How to Tell If Your Kids Are in Distress
If your child exhibits signs and symptoms of stress, anxiety, or emotional turmoil after a divorce, they may be distressed.
Helping your child through a divorce may be one of the most challenging tasks you ever undertake as a parent. Not only must you deal with your own emotions, but you must also try to keep feelings of negativity, anger, or blame toward your spouse to yourself. Providing reassurance and stability to your children, at a time when you are hurting the most, is a tall order.
The good news is that many parents have been in your shoes and navigated this process successfully. The American Academy of Pediatrics has suggestions about the types of messages you should communicate to your children based on their stage of development and how to address unspoken questions they may have about divorce.
But what if, despite all your best efforts, your children are not adjusting to the change? How will you know? Depending on the age of your children, distress from divorce may present itself through different signs and symptoms.
Signs of distress in younger children
Anxiety. Though anxiety takes many forms, you are looking for a change in how much your child worries about or fears certain things. Are they becoming increasingly stressed about homework, tests, or making mistakes? Has your child started worrying about riding the school bus or making friends? Are they scared to leave your side? Are they obsessively worried about the weather or the future? Any of these could be signs that your child is suffering from anxiety.

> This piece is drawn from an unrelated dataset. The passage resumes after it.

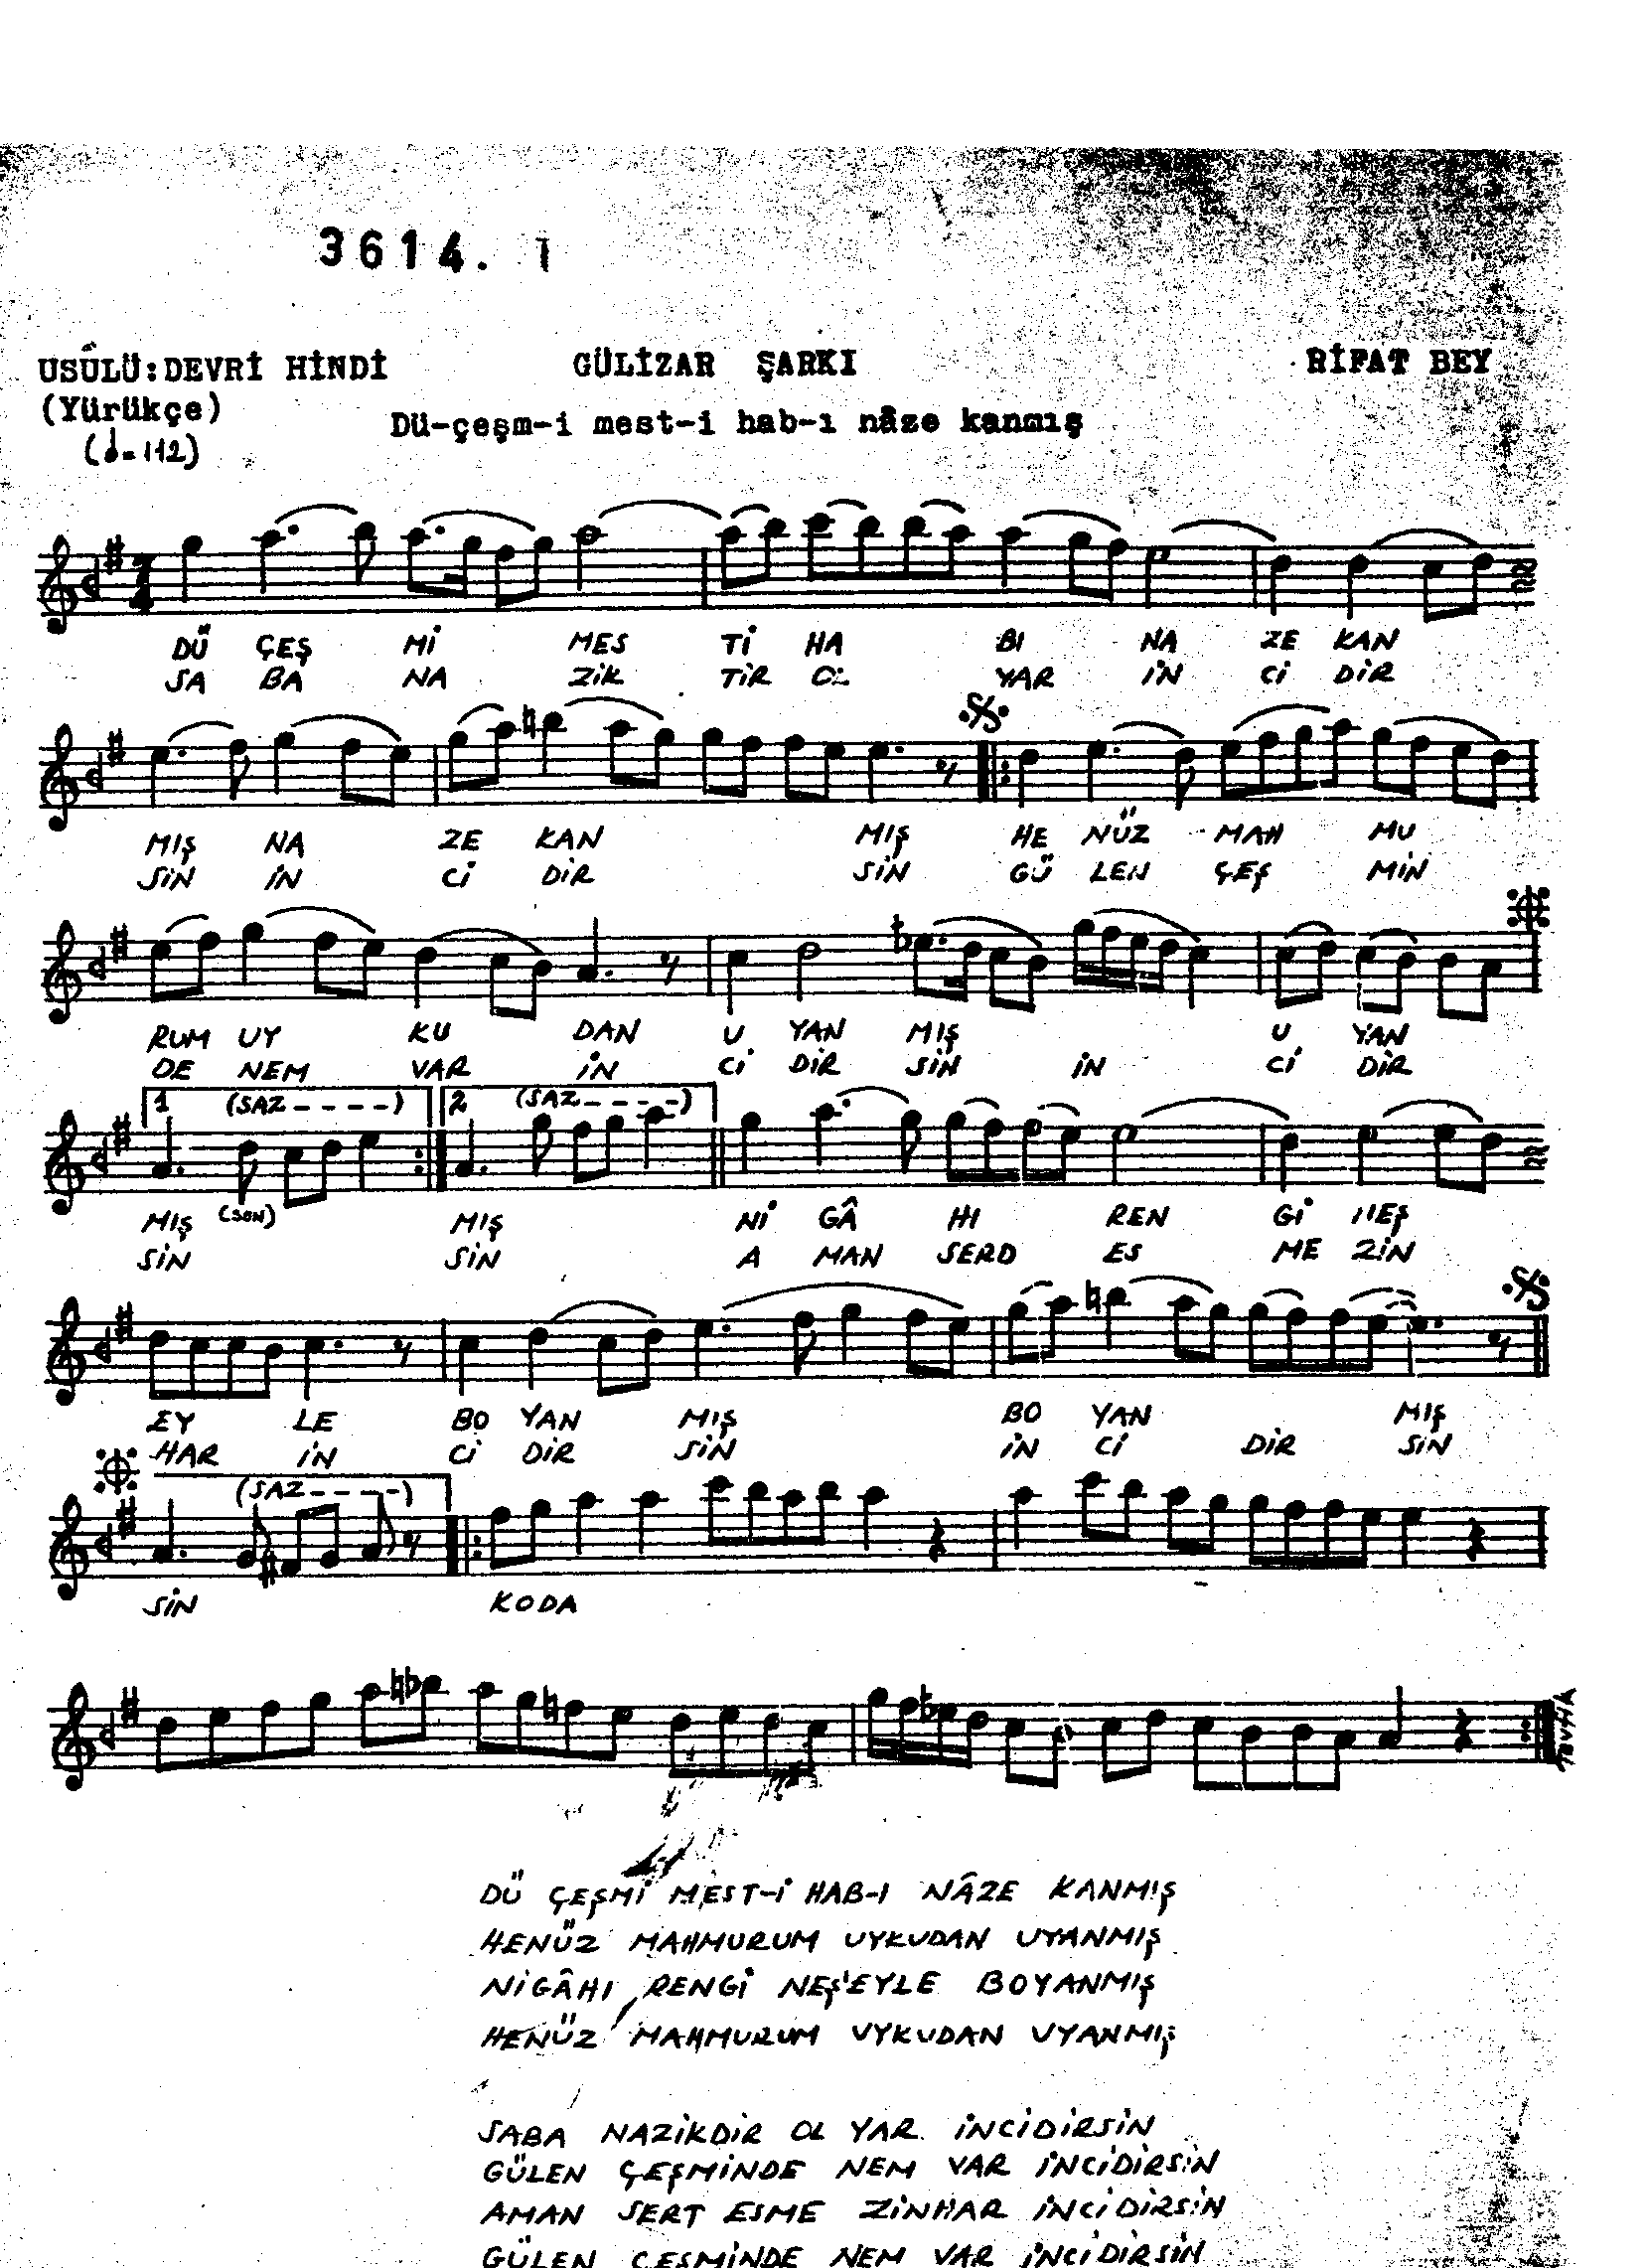 Gülizâr - Şarkı - Rif'at Bey - Sayfa 1

Illness. Anxiety can also present itself by making your child physically sick. Excessive stress and worrying can result in feeling shaky, jittery, or short of breath. Your child may suffer from frequent stomach aches or headaches as well.
Nightmares. A child may start having frequent bad dreams. Nightmares can be part of a child’s reaction to stress, anxiety, or trauma.
Bedwetting. Regressive behaviors such as bedwetting, baby talk, wanting a bottle again, or trouble sleeping through the night are all indications that your child is struggling emotionally.
Signs of distress in older children
Anger or Depression. Anger and sadness are natural emotional reactions to divorce, but if they go on for an extended period, it’s important to get help for your child. Some kids may become belligerent to the point that they are disruptive in school or disrespectful to adults and peers. Other children may show signs of depression such as feeling extremely sad and lonely, withdrawing from activities they used to love, having an extreme lack of energy, or exhibiting other changes in sleep, appetite, or self-esteem.
Behavior Changes. Impulsive behaviors like violent outbursts or exorbitant purchases may occur. Risky behaviors such as experimenting with drugs or alcohol, engaging in sexual activity, or even taking part in extreme or dangerous activities, needs to be addressed right away.
Poor Grades. A sudden struggle in school, reflected in your child’s grades, is a sign that they are in distress. Poor grades can be linked to stress, anxiety, depression, and more.
Self-Harm. It’s every parent’s worst nightmare for their child to have suicidal thoughts, but the reality is that suicide is the second-leading cause of death among 10 to 34 year old’s. If your child exhibits feelings of worthlessness, hopelessness, or social withdrawal, they could be considering suicide. Other signs to look out for include a sudden preoccupation with death, direct expression of feelings like wishing they were no longer here, or inflicting self-harm such as cutting, burning, or hitting themselves.
Don't ignore signs of distress in children
It’s important to pay extra attention to your children during and after a divorce by spending one-on-one time with them, taking an interest in their activities and friends, and regularly talking to their teachers, coaches, or other mentors. If you feel like your child is struggling, don’t wait to get help. Seeking assistance from a qualified therapist may be one of the most important decisions you ever make for your child’s long-term health and happiness.